I wanted to drive all the way there from Alabama to find that piece of trash


----------



## BIGPUN (Dec 20, 2008)

He got me this week to on a lift kit....he said his username was bigbrute4242 but I don't think its active. It's ok though my cousin works for fort bend sheriffs dept in tx. I told him he has to monday to pay back or he will start investigating...

Sent from my ADR6425LVW using Tapatalk


----------



## Lsu524 (Apr 23, 2013)

well then give srrbrute his address!!! we gotta get this guy.


----------



## jlint1988 (Apr 20, 2012)

Hell I'm only a hour away from Baytown, makes me want to beat the brakes off him I hate hearing stuff like this

Sent from my SAMSUNG-SM-N900A using Tapatalk


----------



## BIGPUN (Dec 20, 2008)

He needs it, apparently he did the same thing on highlifter....

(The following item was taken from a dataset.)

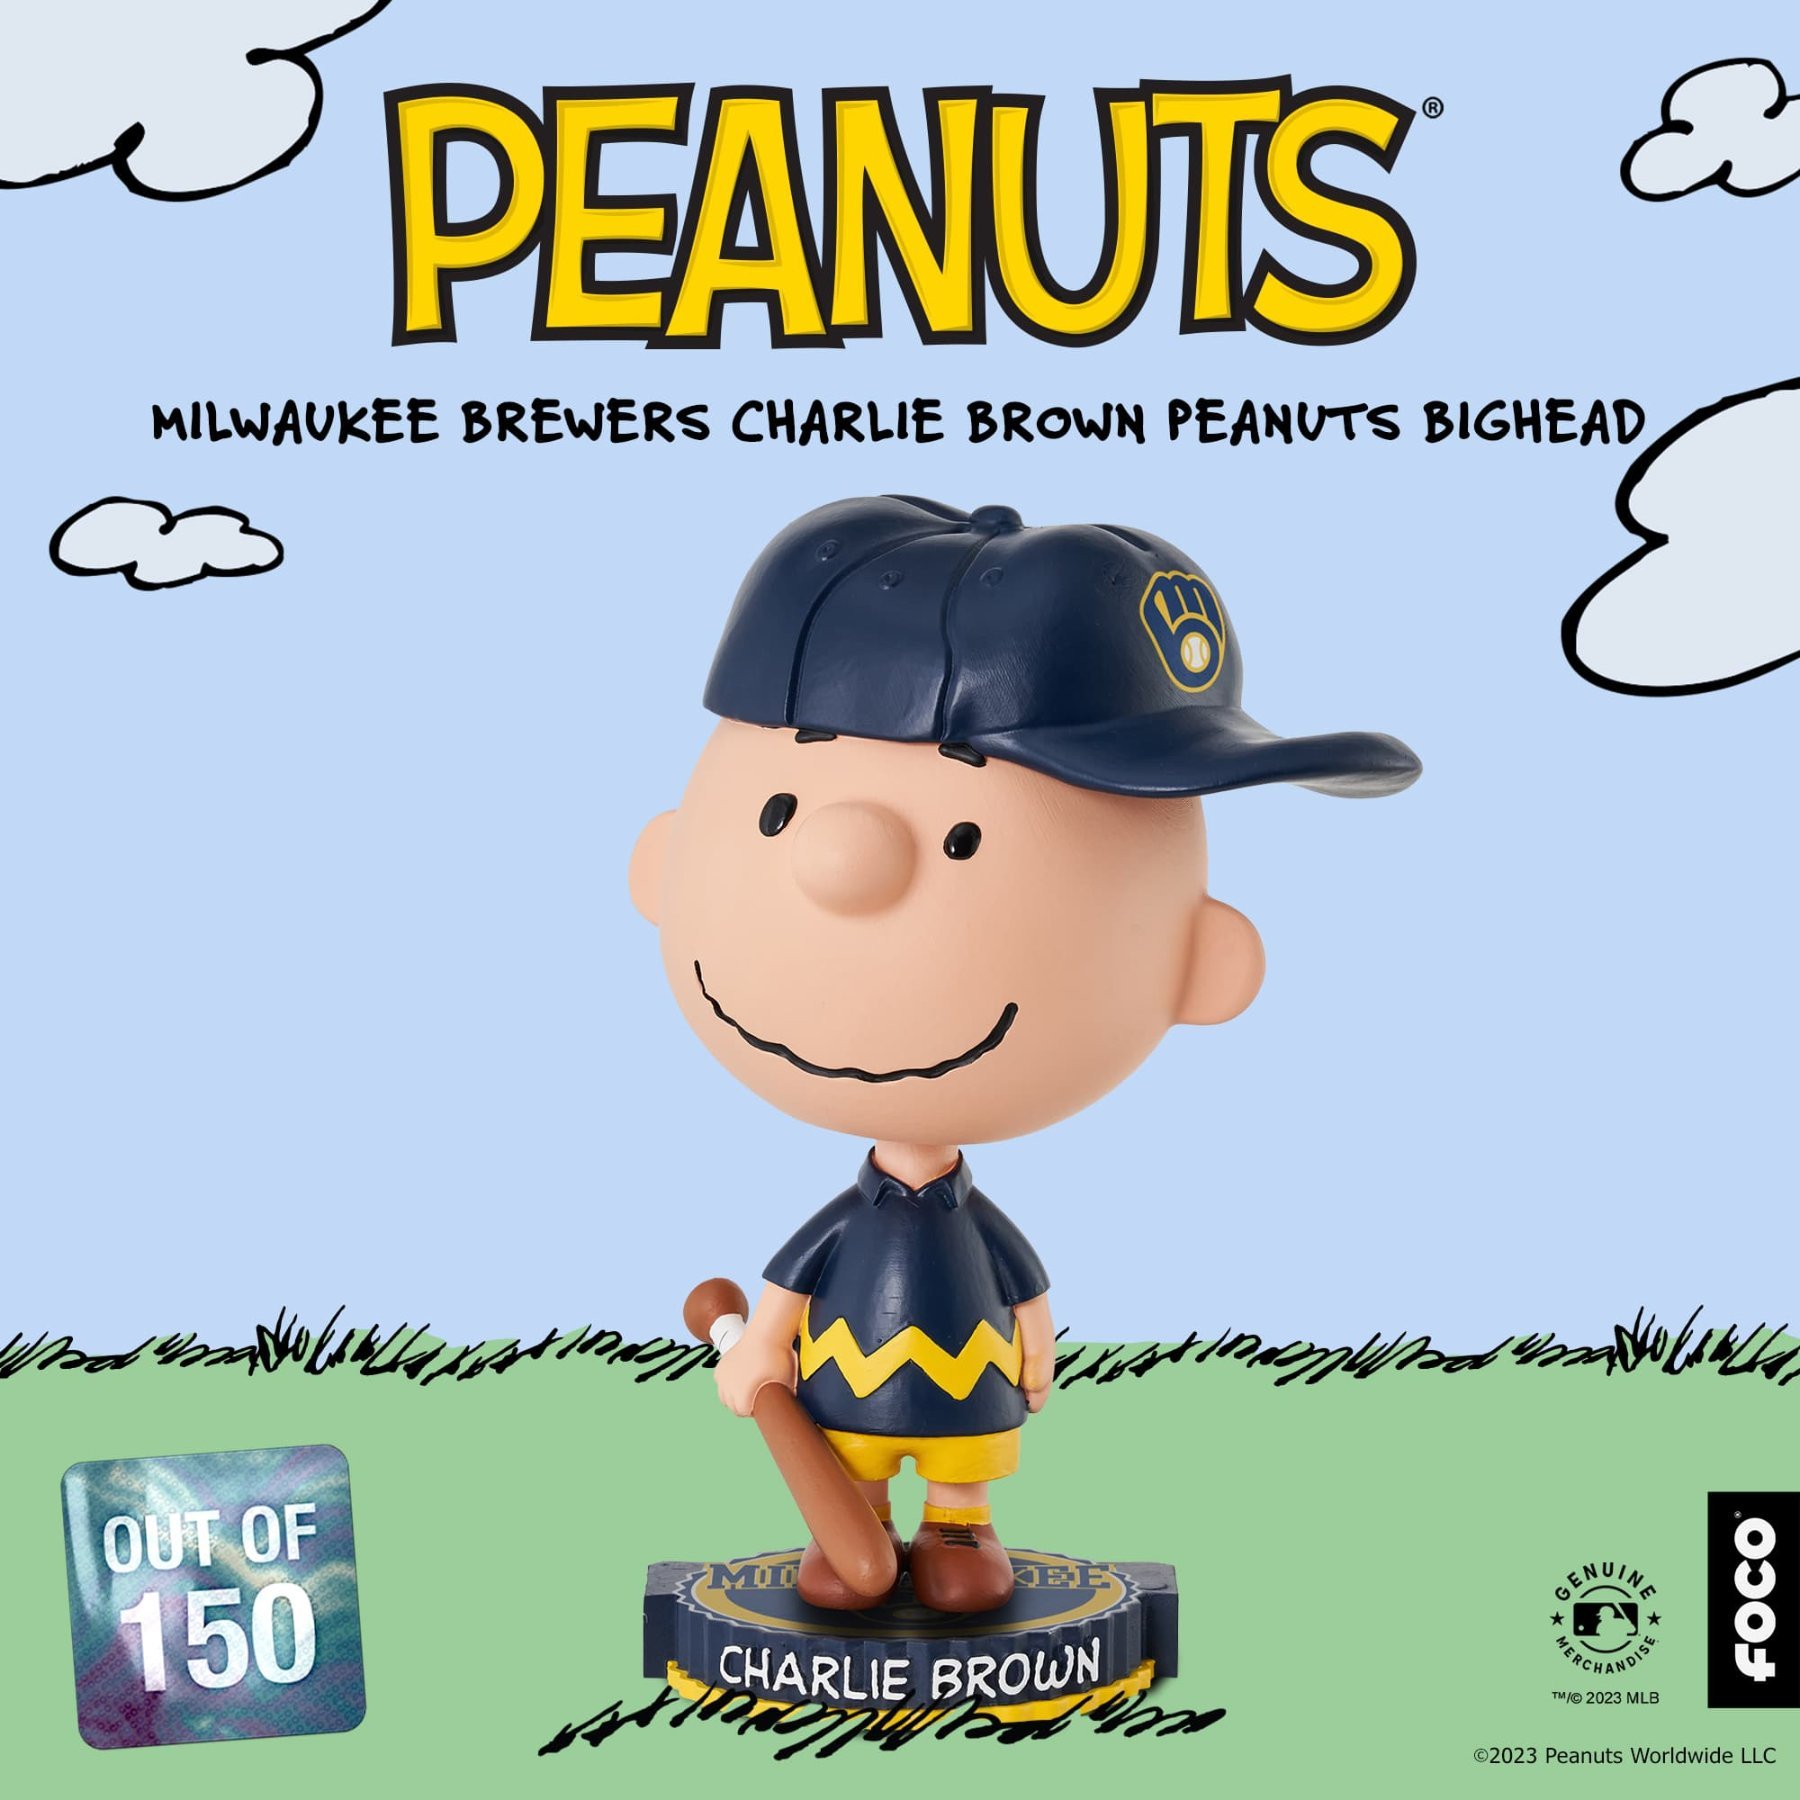 New bobbleheads released to celebrate the Brewers' home opener, Baseball

Sent from my ADR6425LVW using Tapatalk


----------



## rmax (Nov 21, 2009)

need to make a section for know a holes an keep track of them


----------



## Col_Sanders (May 16, 2010)

If you are on Facebook PM me your info and I'll add you to Texas ATV Scene. Some folks there have more info on him. He apparently does this a lot.


----------



## SRRBrute (Oct 17, 2011)

jlint1988 said:


> Hell I'm only a hour away from Baytown, makes me want to beat the brakes off him I hate hearing stuff like this
> 
> Sent from my SAMSUNG-SM-N900A using Tapatalk


You better believe if I was only an hour away, or not even that close, I would be paying him a visit!


----------



## BIGPUN (Dec 20, 2008)

Bumping it, for this punk..


----------